For a while, investors have been concerned about the impact of a slower ramp, weak volumes and reduced contribution from the HAAS contract, especially against high hopes from the contract. Even though the company has recently completed contract modifications, including performance benchmarks, face-to-face assessments and the usual end of contract year modifications, the changes seem to be a case of too little and too late. Reducing revenue guidance and tightening of EPS guidance may have helped only so much.
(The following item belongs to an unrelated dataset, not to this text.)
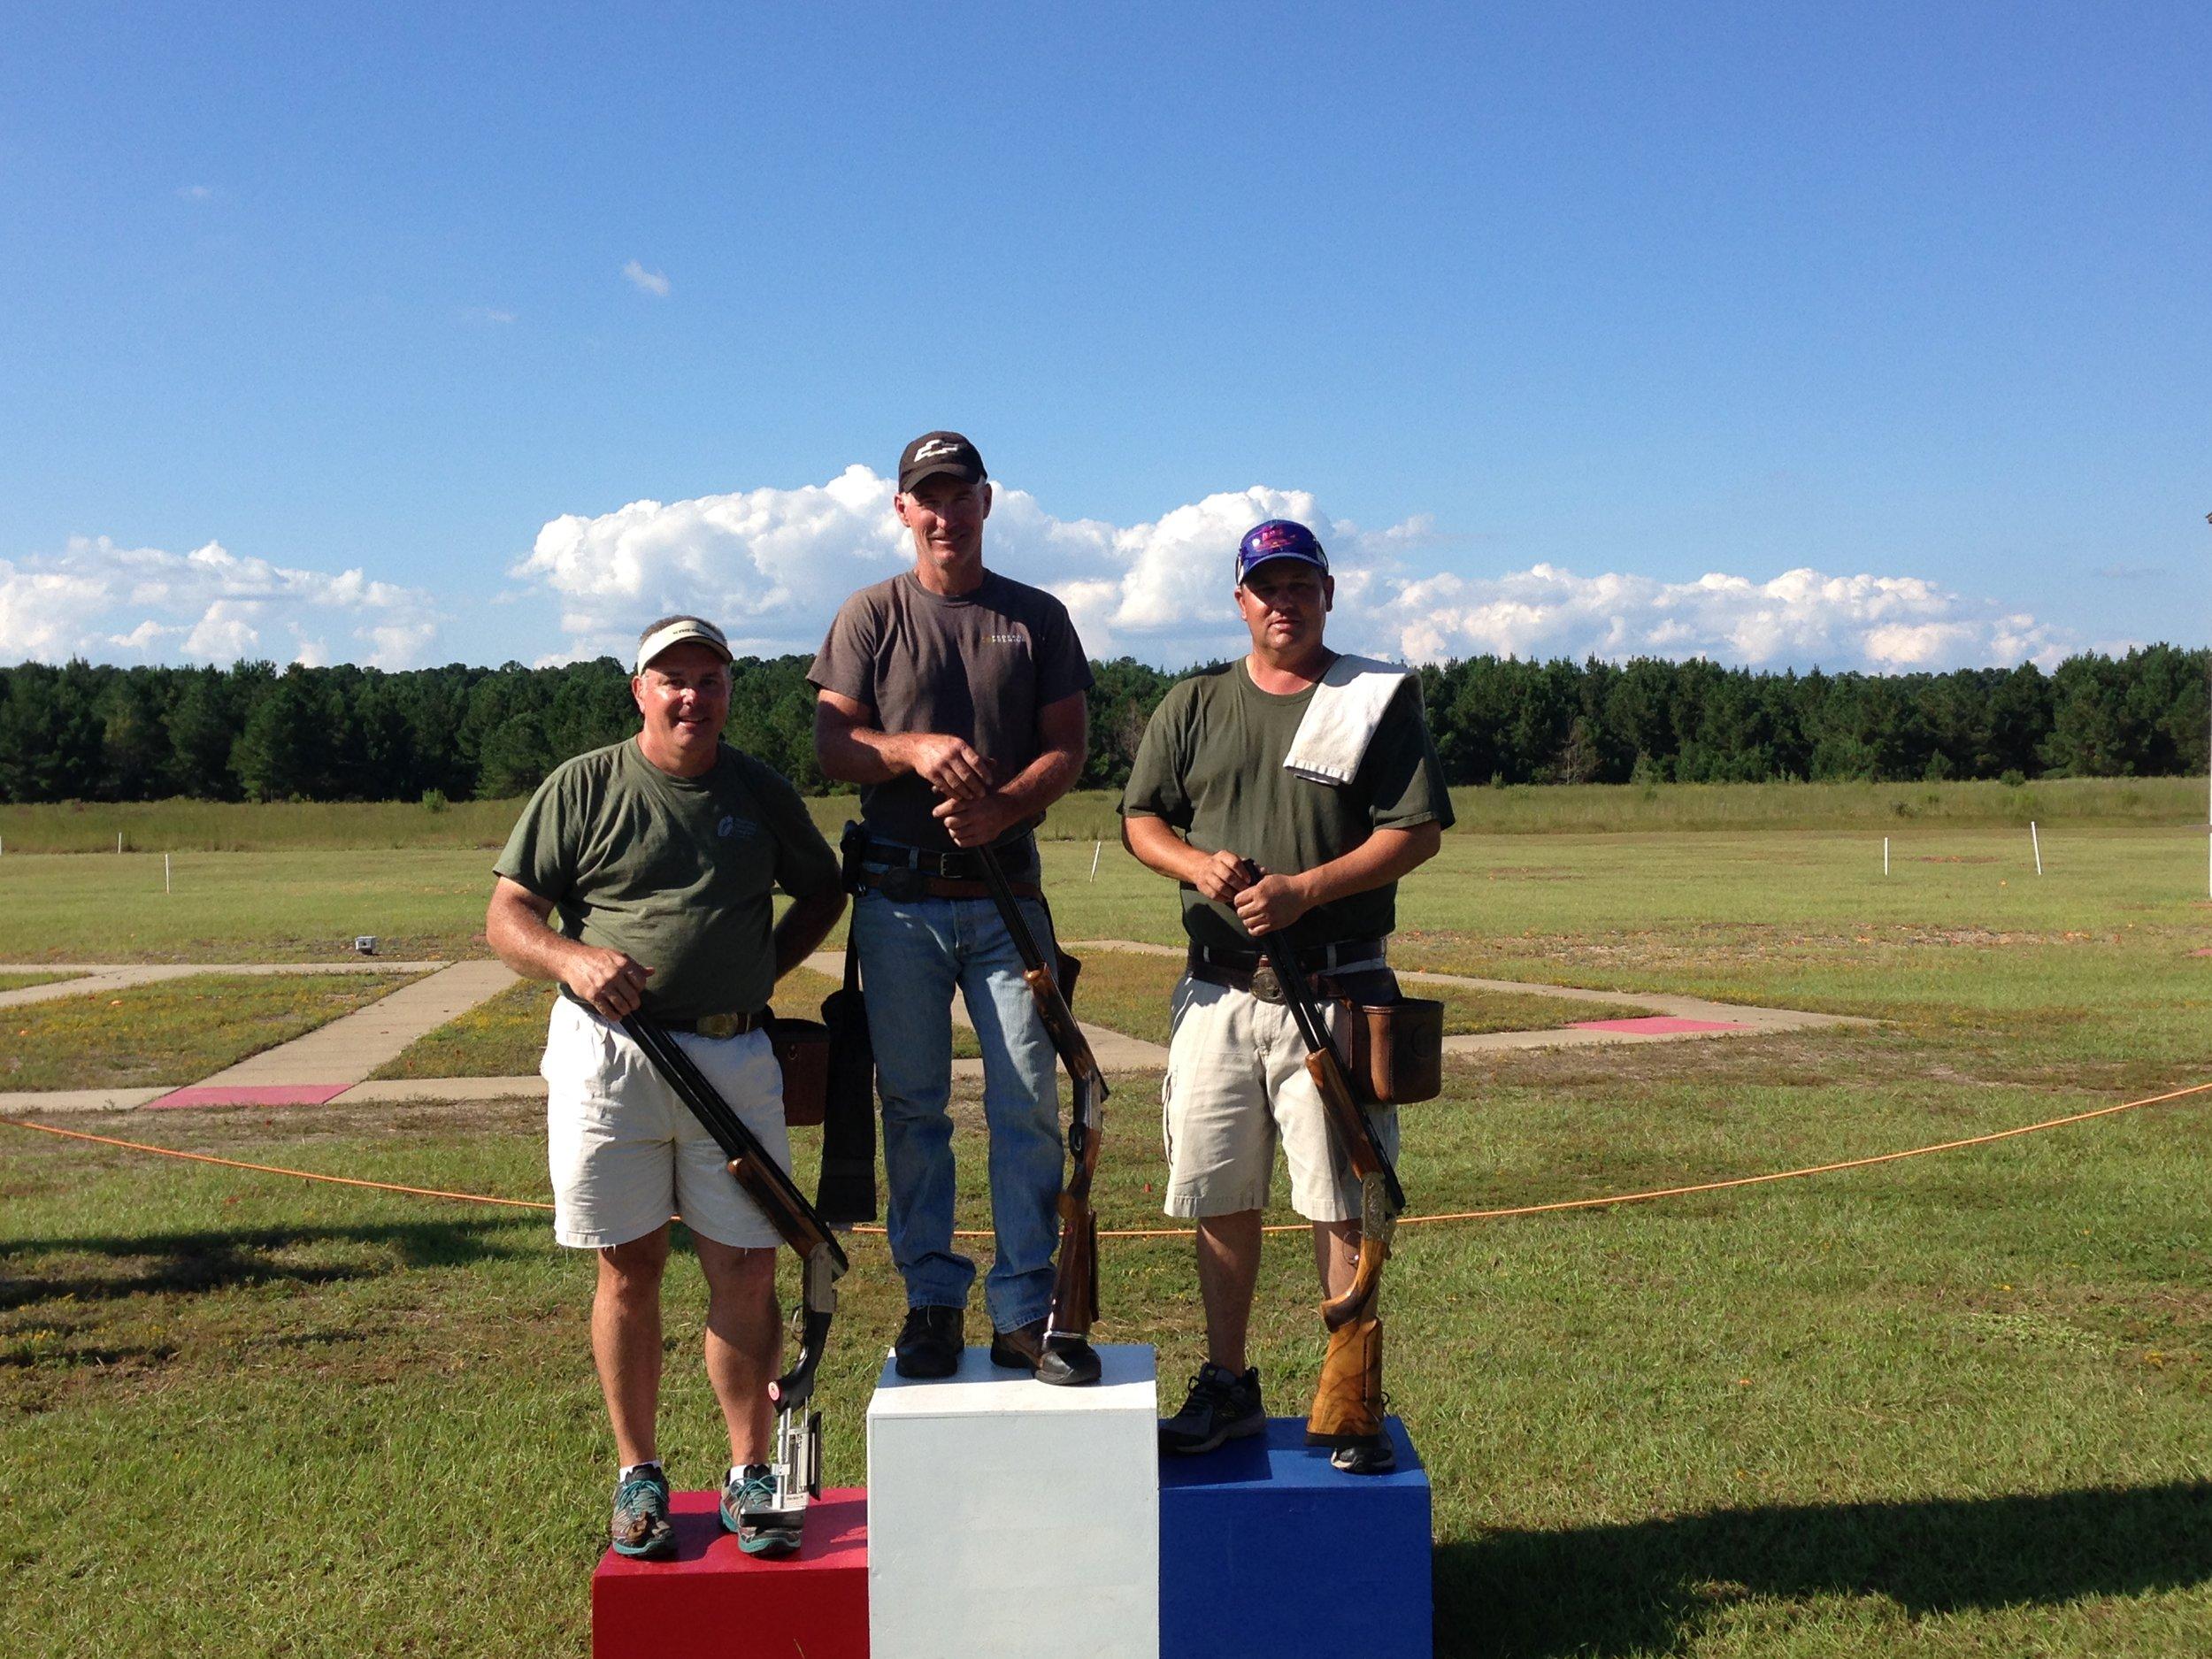 HOA winners: Champion - Stuart Brown (398), Runner-up - Craig Kirkman (397), and 3rd - Chip Simmons (397).

Financially, the last quarter results benefited from a pickup of a few million dollars of out-of-period revenue and income, but the modifications are expected to lower the future revenue run rates.

Considering the importance of the HAAS contract as a growth driver and investors' expectations, the Brexit seems to have added an additional layer of the regulatory risk, which was already increasing for the company in other geographies.

Issues other than HAAS may also continue to pose challenges

Besides the HAAS contract, there are other issues that may continue to act as negative catalysts and top among those issues is the lack of clarity on the Fit-For-Work contract in the U.K. The Fit-For-Work contract that started in the fiscal year 2015 has failed to deliver on the volume front, while the company has incurred costs. Even though the company has repeatedly talked about exploring right sizing or terminating the contract, there is limited evidence to ease the investor concerns. The Australian business is also struggling in terms of volumes, even though the program is profitable.

Financially, margins showing hardly any sign of improvement

Operating margins have continued to be a problem, down from almost 14% during 2013 to the expected 10-12% for the current fiscal year, and looking at the health of most contracts, there is limited evidence to suggest that things may improve significantly from current levels. Expectations for margin improvement rest upon the start­up of the new Jobactive contract in Australia, where the volumes have been below expectations.

Disclosure: I/we have no positions in any stocks mentioned, and no plans to initiate any positions within the next 72 hours.

I wrote this article myself, and it expresses my own opinions. I am not receiving compensation for it (other than from Seeking Alpha). I have no business relationship with any company whose stock is mentioned in this article.